Given an array of distinct integers candidates and a target integer target, return a list of all unique combinations of candidates where the chosen numbers sum to target. You may return the combinations in any order.

The same number may be chosen from candidates an unlimited number of times.
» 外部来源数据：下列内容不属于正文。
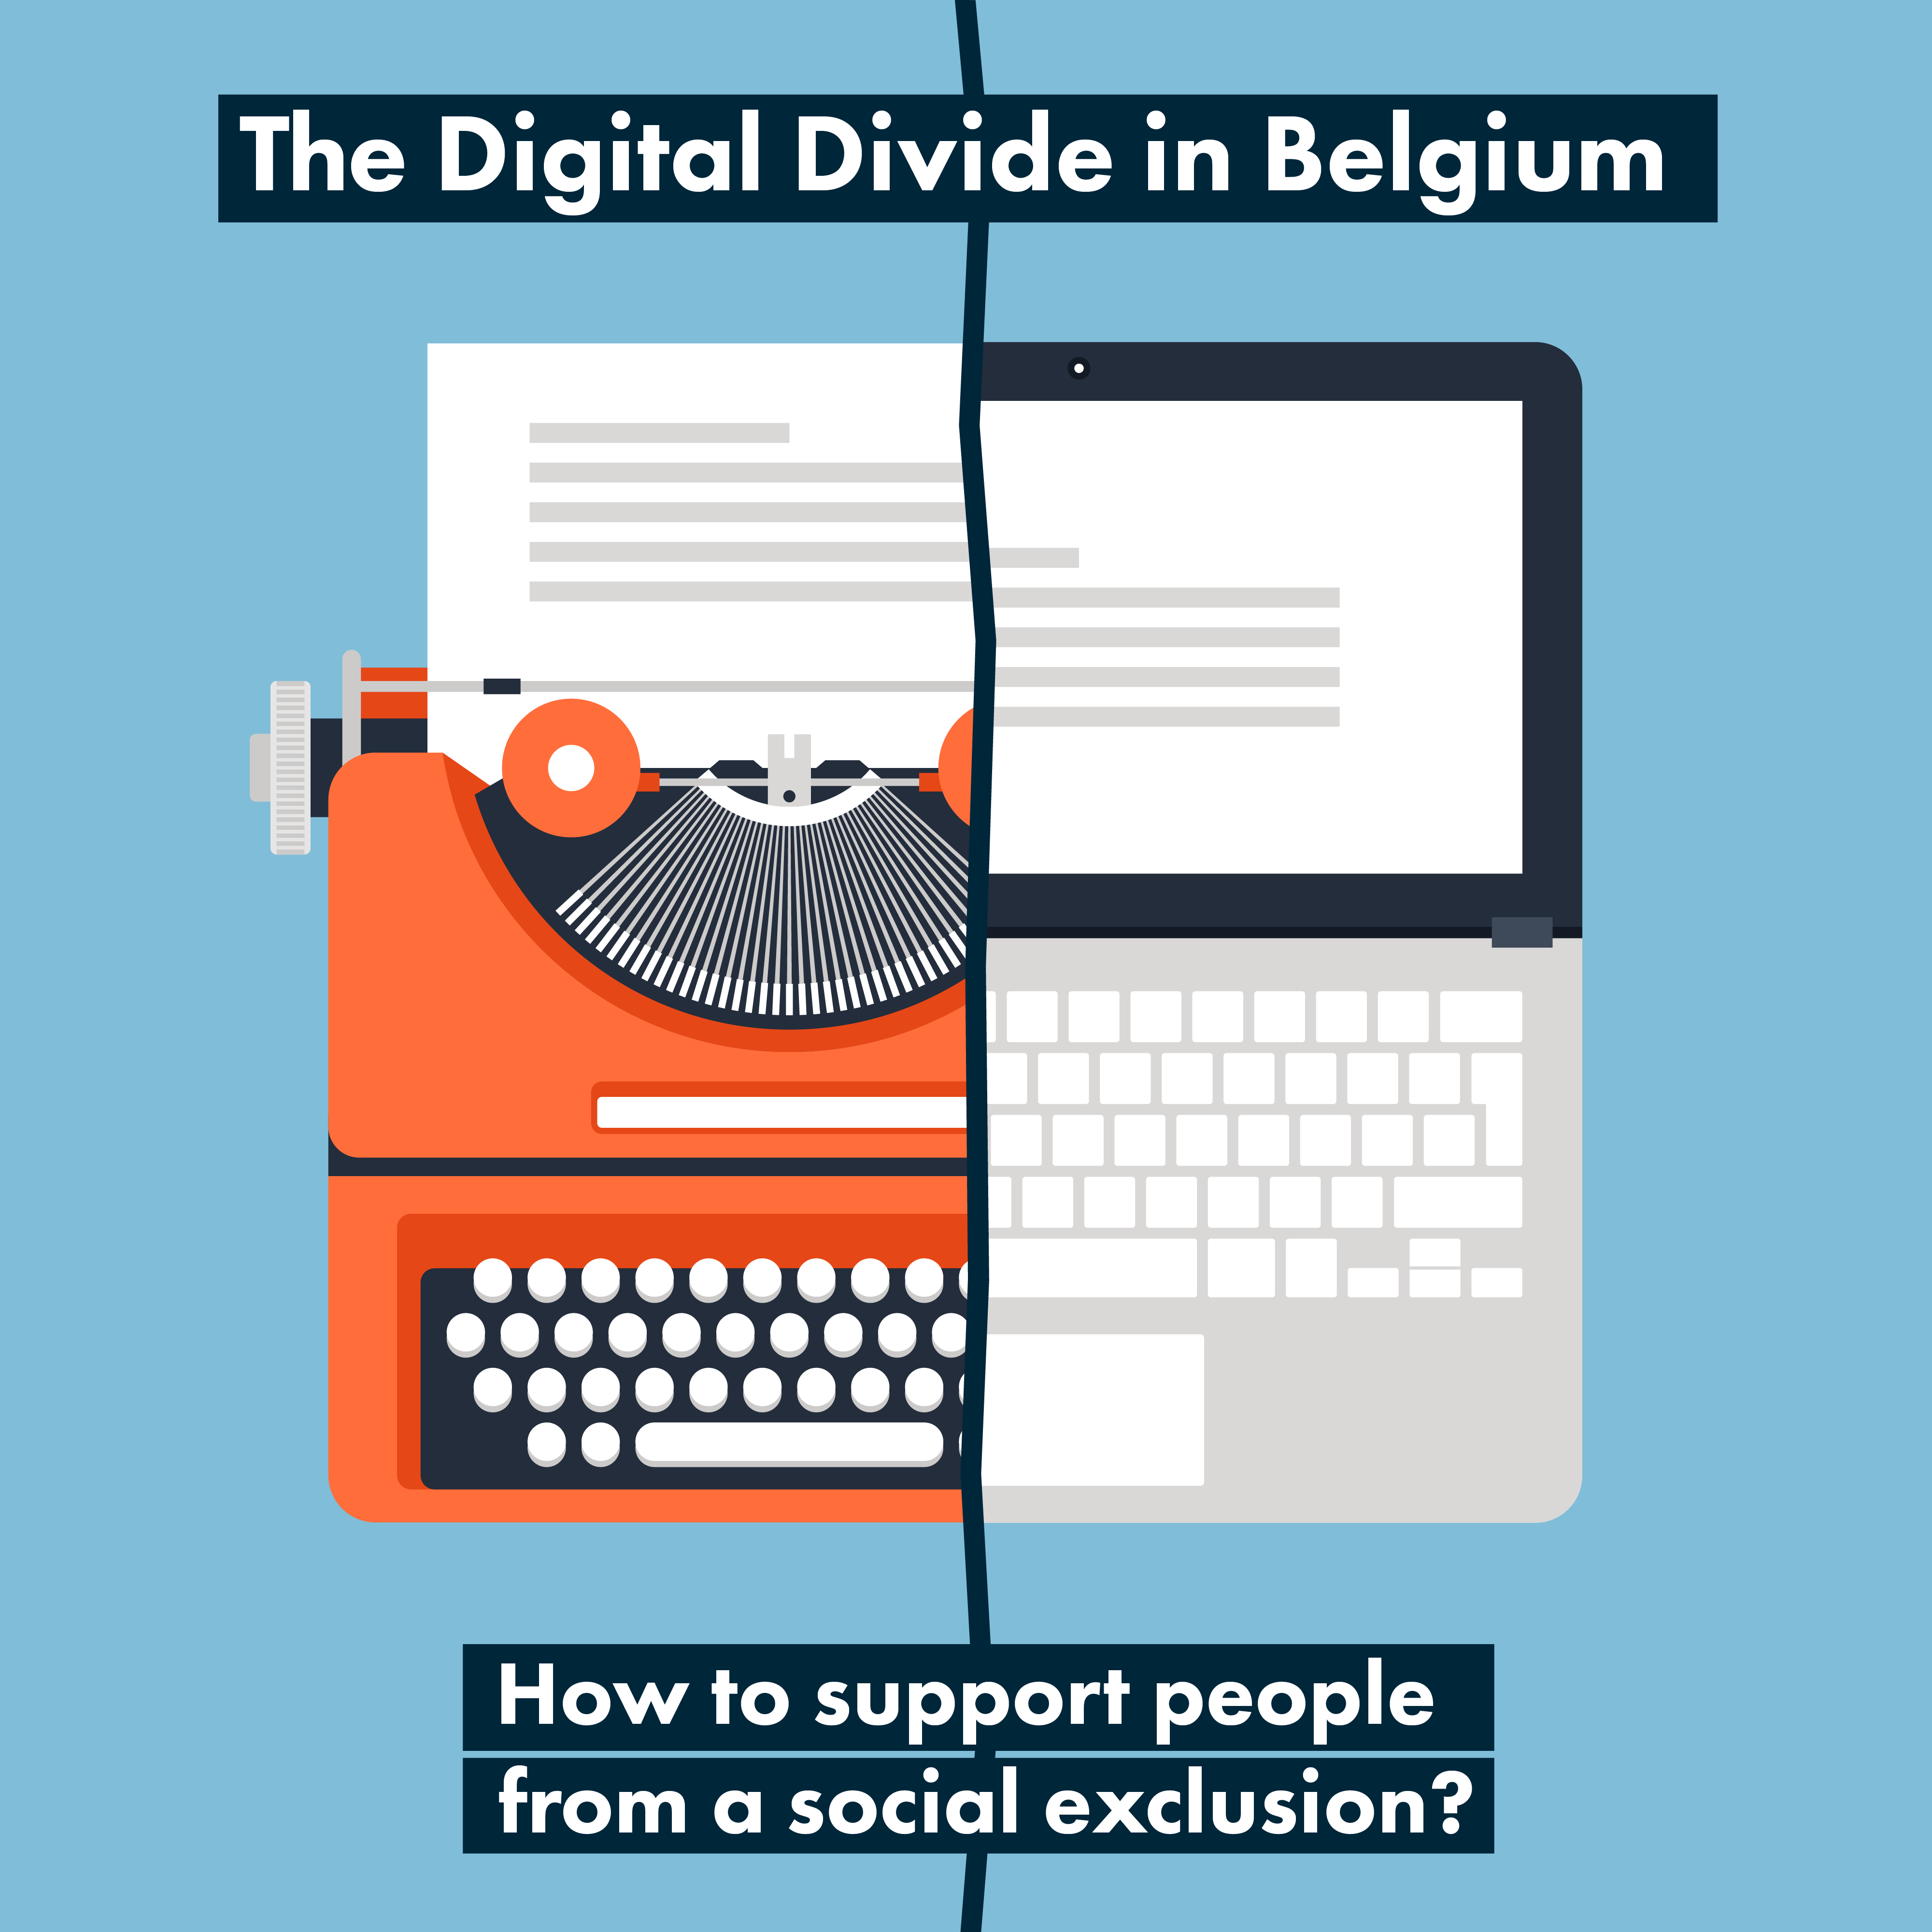 The digital divide in Belgium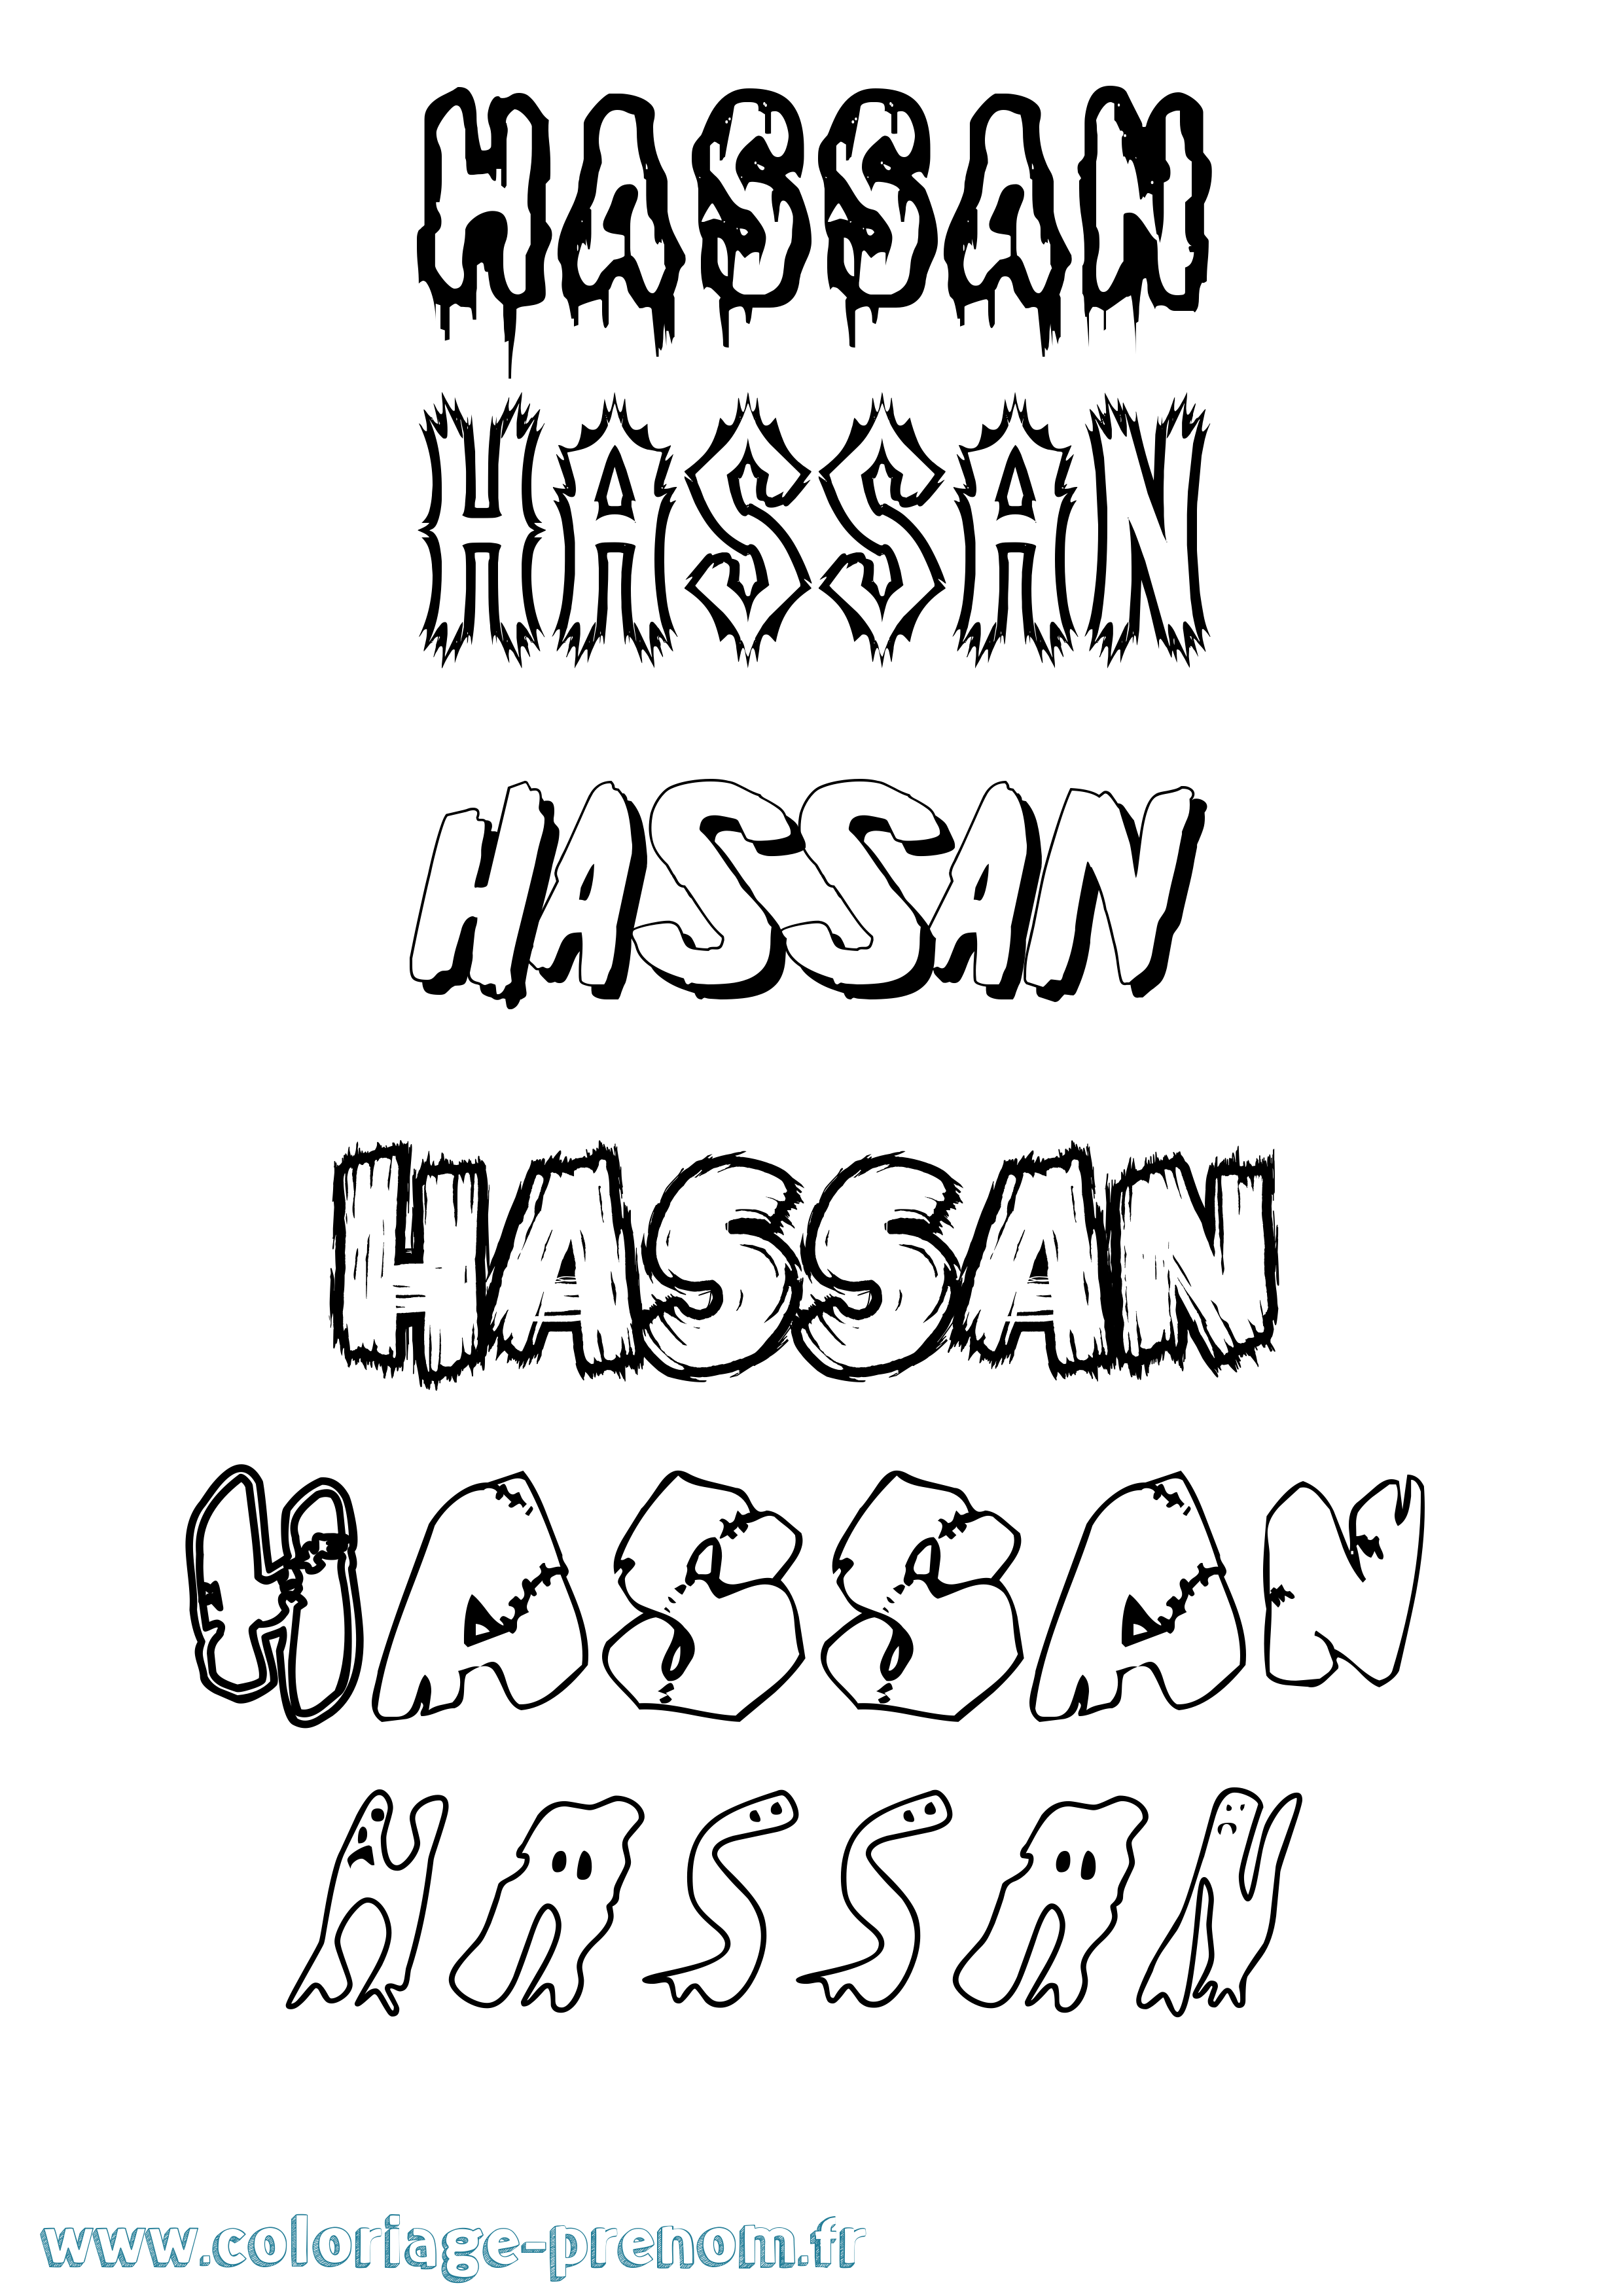 Coloriage prénom Hassan Frisson

Two combinations are unique if the frequency of at least one of the chosen numbers is different.

It is guaranteed that the number of unique combinations that sum up to target is less than 150combinations for the given input.

Input: candidates = [2,3,6,7], target = 7
Output: [[2,2,3],[7]]
Explanation:
2 and 3 are candidates, and 2 + 2 + 3 = 7. Note that 2 can be used multiple times.
7 is a candidate, and 7 = 7.
These are the only two combinations.

方法：

回溯+递归

保持查找顺序往后，即可去重

public List<List<Integer>> combinationSum(int[] candidates, int target) {
        List<List<Integer>> ans = new ArrayList<>();
        List<Integer> one = new ArrayList<>();
        for(int i = 0 ; i < candidates.length; i++){
            one.add(candidates[i]);
            backTrace(candidates,target- candidates[i],ans,one,i);
            one.remove(one.size()-1);
        }
        return ans;
    }
    public void backTrace(int[] candidates, int target,List<List<Integer>> ans,List<Integer> one,int begin){
        if (target ==0) {
            ans.add(new ArrayList<Integer>(one));
        }
        else if(target<0) return;
        for (int i = begin ; i < candidates.length; i++){
            one.add(candidates[i]);
            backTrace(candidates,target- candidates[i],ans,one,i );
            one.remove(one.size()-1);
        }
    }